Address
- 3354 S Genesee Rd Mid-Michigan Mid West Burton, Michigan, 48519 United States
- Coordinates: 42°58′41.1″N 83°36′54.8″W﻿ / ﻿42.978083°N 83.615222°W

District information
- Type: Public
- Grades: PreK–12
- Established: 1836; 190 years ago
- President: Craig Lanter
- Vice-president: Bette Bigsby
- Superintendent: Tina Case
- Schools: 3

Students and staff
- Students: 750 (2021–22)
- Teachers: 49.49 (FTE)
- Student–teacher ratio: 15.15
- District mascot: Wolverine
- Colors: Black, Grey/Silver, and White

Other information
- Website: www.athertonschools.org

= Atherton Community Schools =

School district

Atherton Community School District is one of five public school districts serving Burton Genesee County in the U.S. state of Michigan and in the Genesee Intermediate School District. Atherton School District runs three schools: Atherton Junior/Senior High School, Atherton Elementary School, and an alternative school.

==History==

Atherton opened as a one-room log schoolhouse at Atherton and Center roads corner in 1836 within the then newly formed Flint Township, Michigan (later Township of Burton, now City of Burton) for the Atherton Settlement just founded a year before. The school district is named after the first teacher, Betsey Atherton, daughter of Adonijah Atherton—one of the town’s first settlers. Betsey died a few months later. The district in 1878 had funding of $1,832, 17 teachers and eight schoolhouses.
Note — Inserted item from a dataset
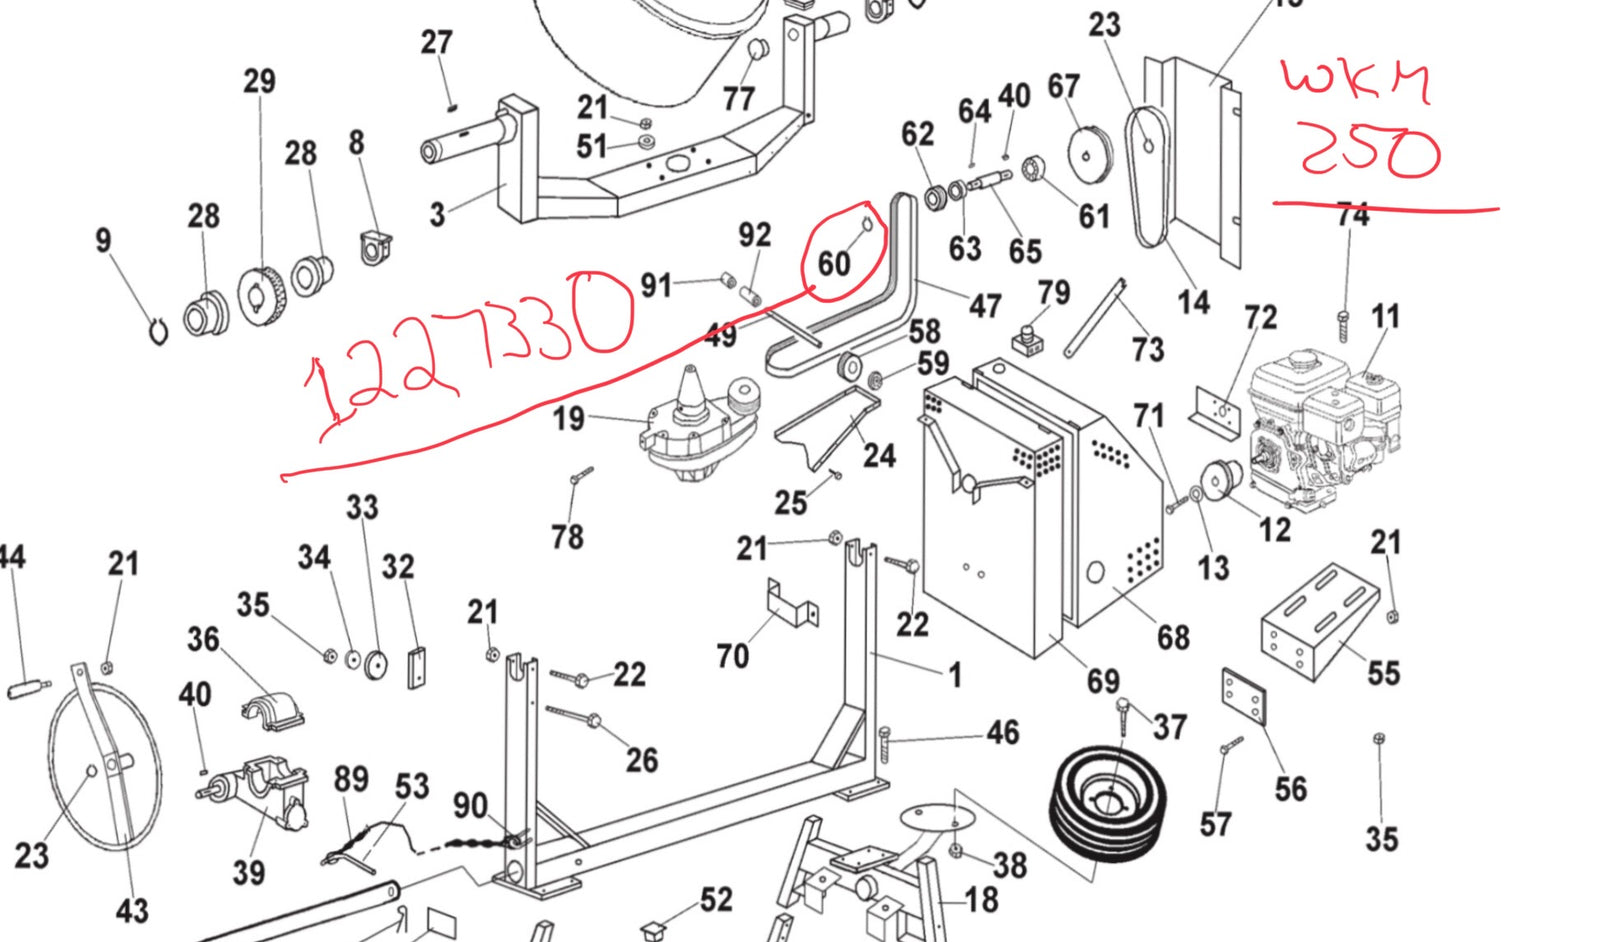 PN 1227330 - Stop Ring - IMER Workman II 250 Mixer. ( Fits Workman 350 and Workman 420 Mixers )
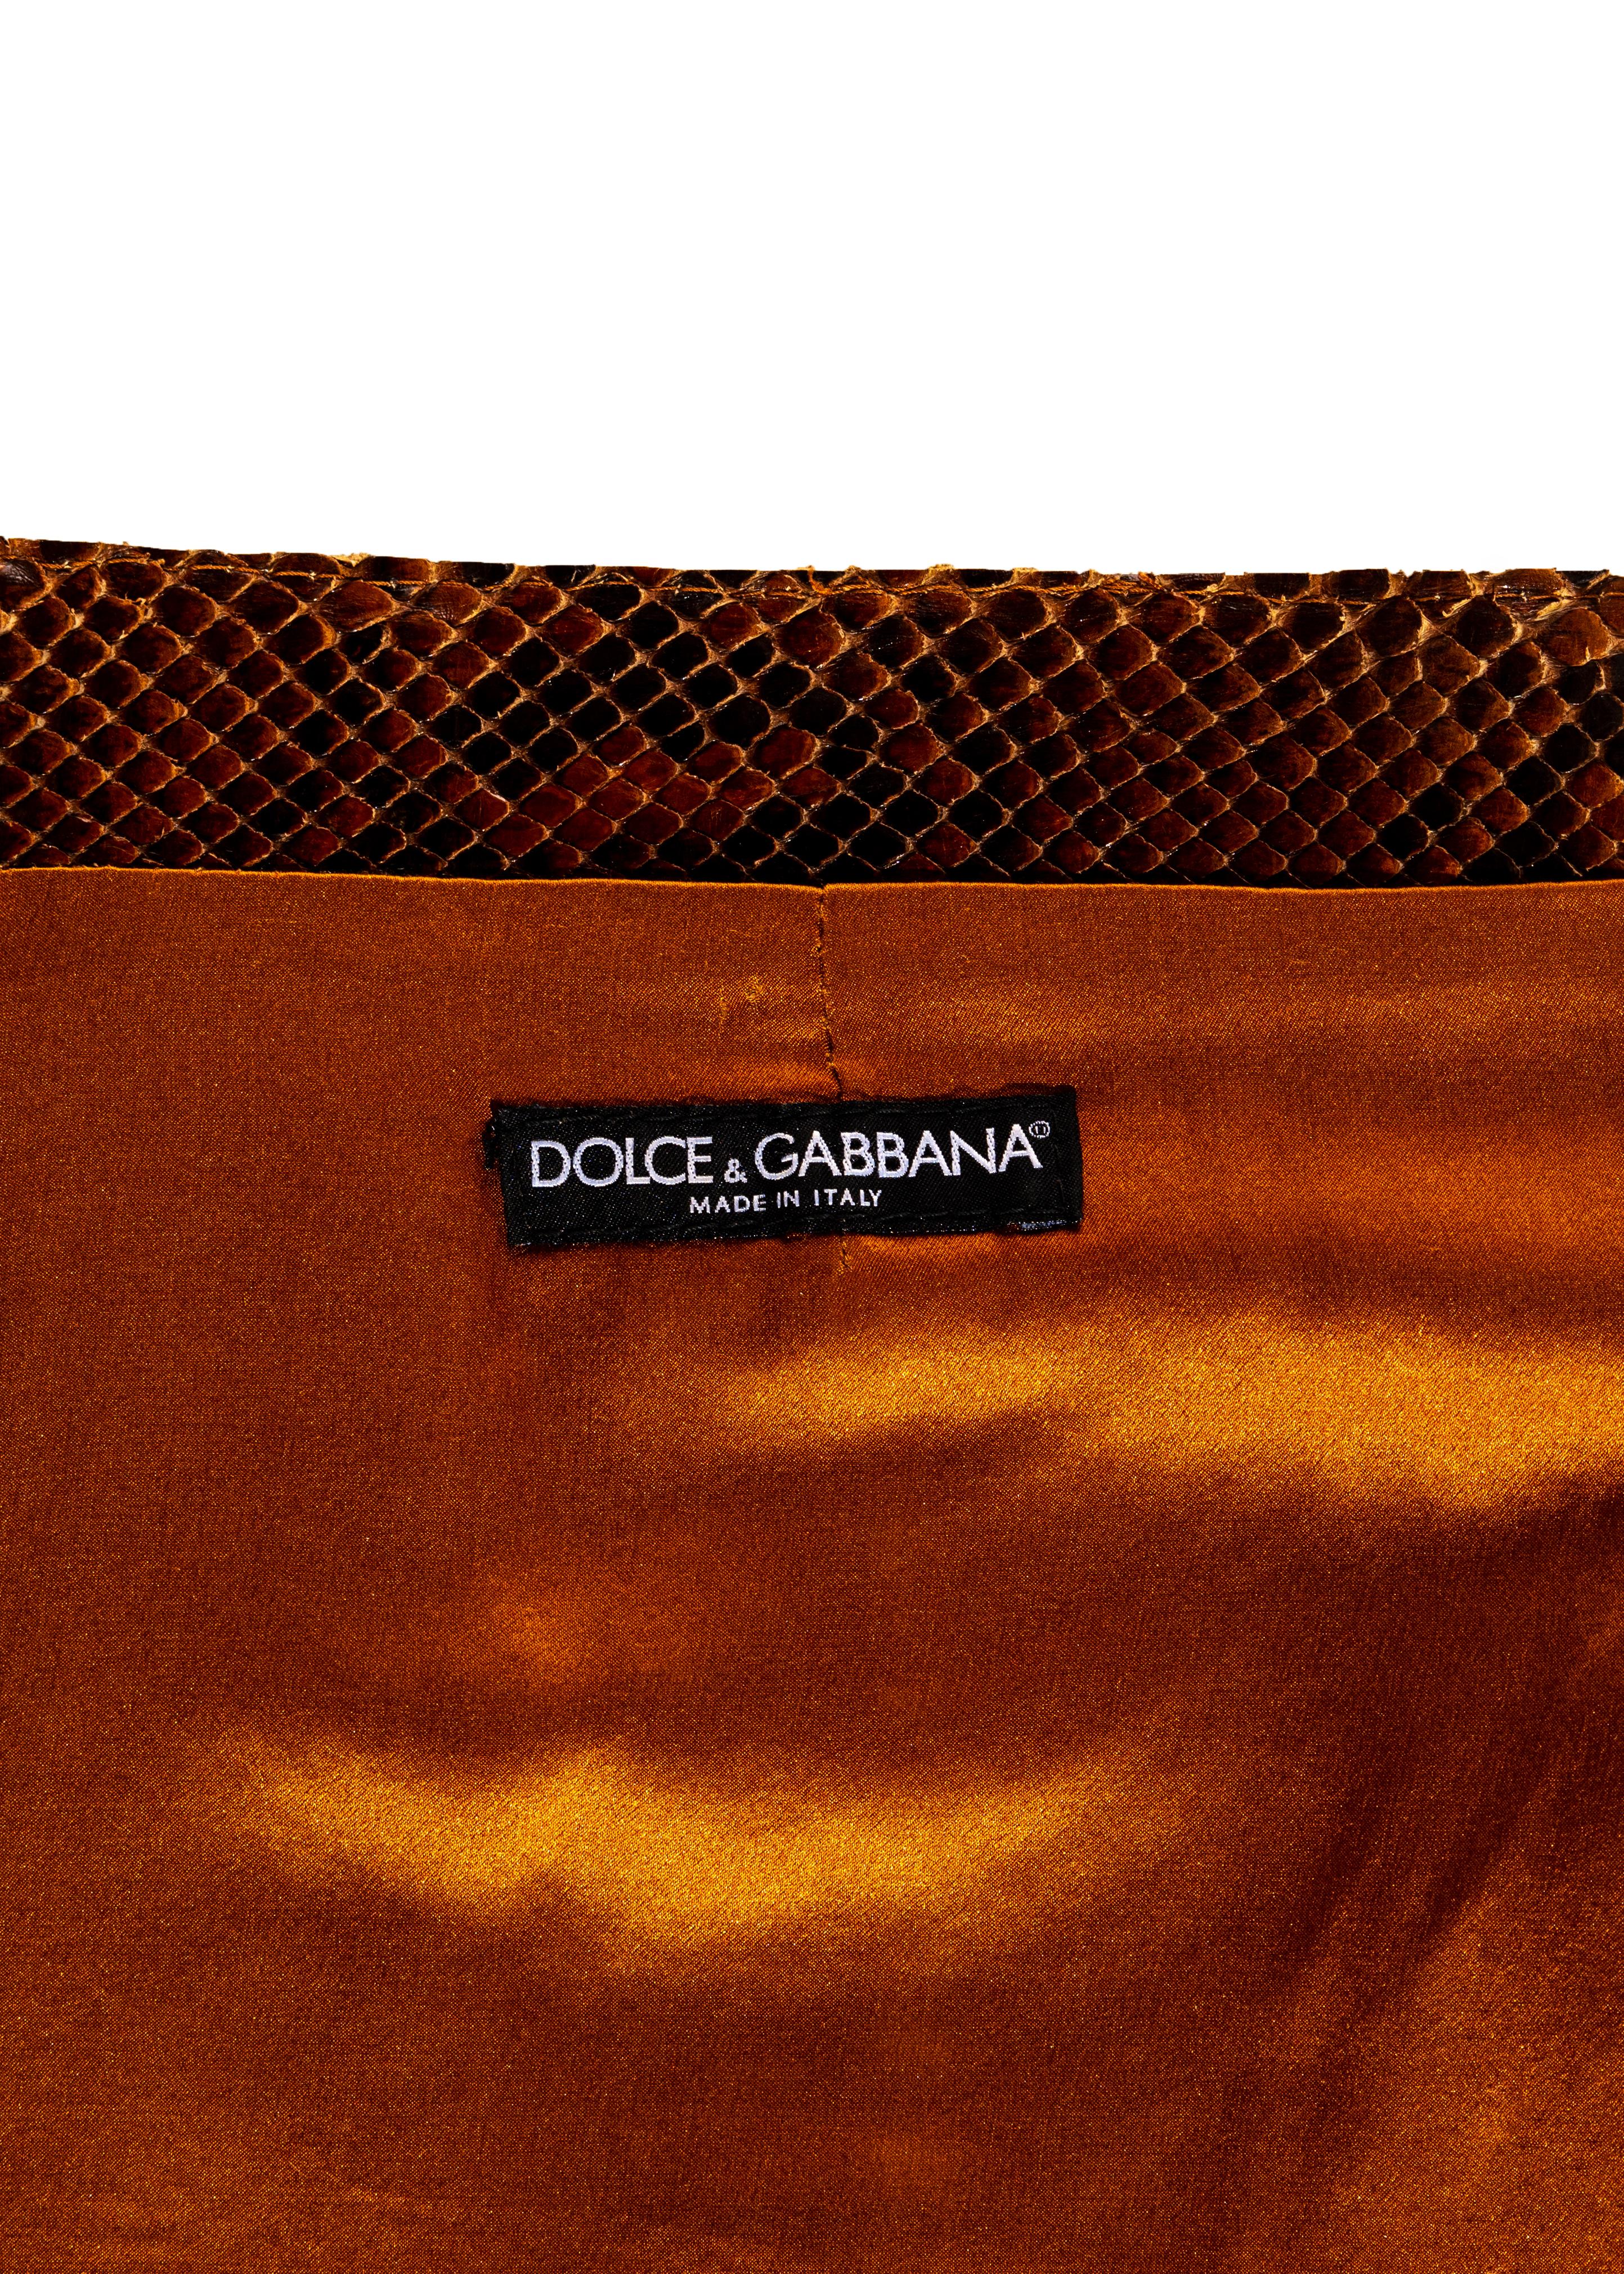 Dolce & Gabbana brown python mini skirt, ss 2000 1

Four elementary schools eventual replaced the eight schoolhouses: Fisk, H.W. Medler, Metzger and Herbst. Those elementary schools operated until the late 1960s. Fisk was on Manor Drive and is currently a daycare. The remaining two, Metzger on Sitka Street and Herbst on Clarice Street, were demolished. Medler became the high school which graduated its first class in 1954. The current Atherton High School was built in 1965 next to Medler. Medler then became the middle school until 1969 when the middle school opened south of the high school. Medler then held sixth grade students only. Medler was hit by lightning in the early morning hours in the summer of 1977, causing the back half of the building to burn down. H.W. Medler was on Genesee Road and is currently a charter school.
On December 9, 2003, a consolidation vote for the three all Burton school districts took place with Atherton and Bentley voters in favor of consolidation and Bendle voters not in favor. In 2003, a plan of merger was accepted by the State Superintendent of Education between Atherton and Bentley School Districts, which subsequently failed at the election. The School District celebrated their 175th year in 2011, making the school about 1 year older than the State of Michigan itself.
In February 2013, a discussion arose among Board members about closing down Vern Van Y Elementary School. This is because of financial problems as well as decline in student count. Van Y was closed at the conclusion of the 2012–13 school year. Beginning in the 2013–14 school year, the district operates as a two school district. Atherton Elementary (formerly Atherton Junior High) houses grades K–6. Atherton Junior/Senior High (formerly Atherton Senior High) houses grades 7–12.

==Sports==

Atherton High School is a class C school district.

| League | Start 1836 | End |
|---|---|---|
| independent | 1952 | 1954 |
| County C | 1954 | 1960 |
| County B | 1960 | 1976 |
| Mid-Eastern Eight | 1976 | 1978 |
| Genesee Eight (Genesee Area 1999–Present) | 1978 | Present |

=== Board of education ===
2017 Board Members

| Name | Title |
|---|---|
| Craig Lanter | President |
| Bette Bigsby | Vice-President |
| Sandra Talbot | Secretary |
| Katrina Royster | Treasurer |
| Amber Barker | Trustee |
| Tim Shorkey | Trustee |
| Keith Edgette | Trustee |

Roger Opsommer is principal of Atherton Junior/Senior High.
Lynsey Gennaro is principal of Atherton Elementary School.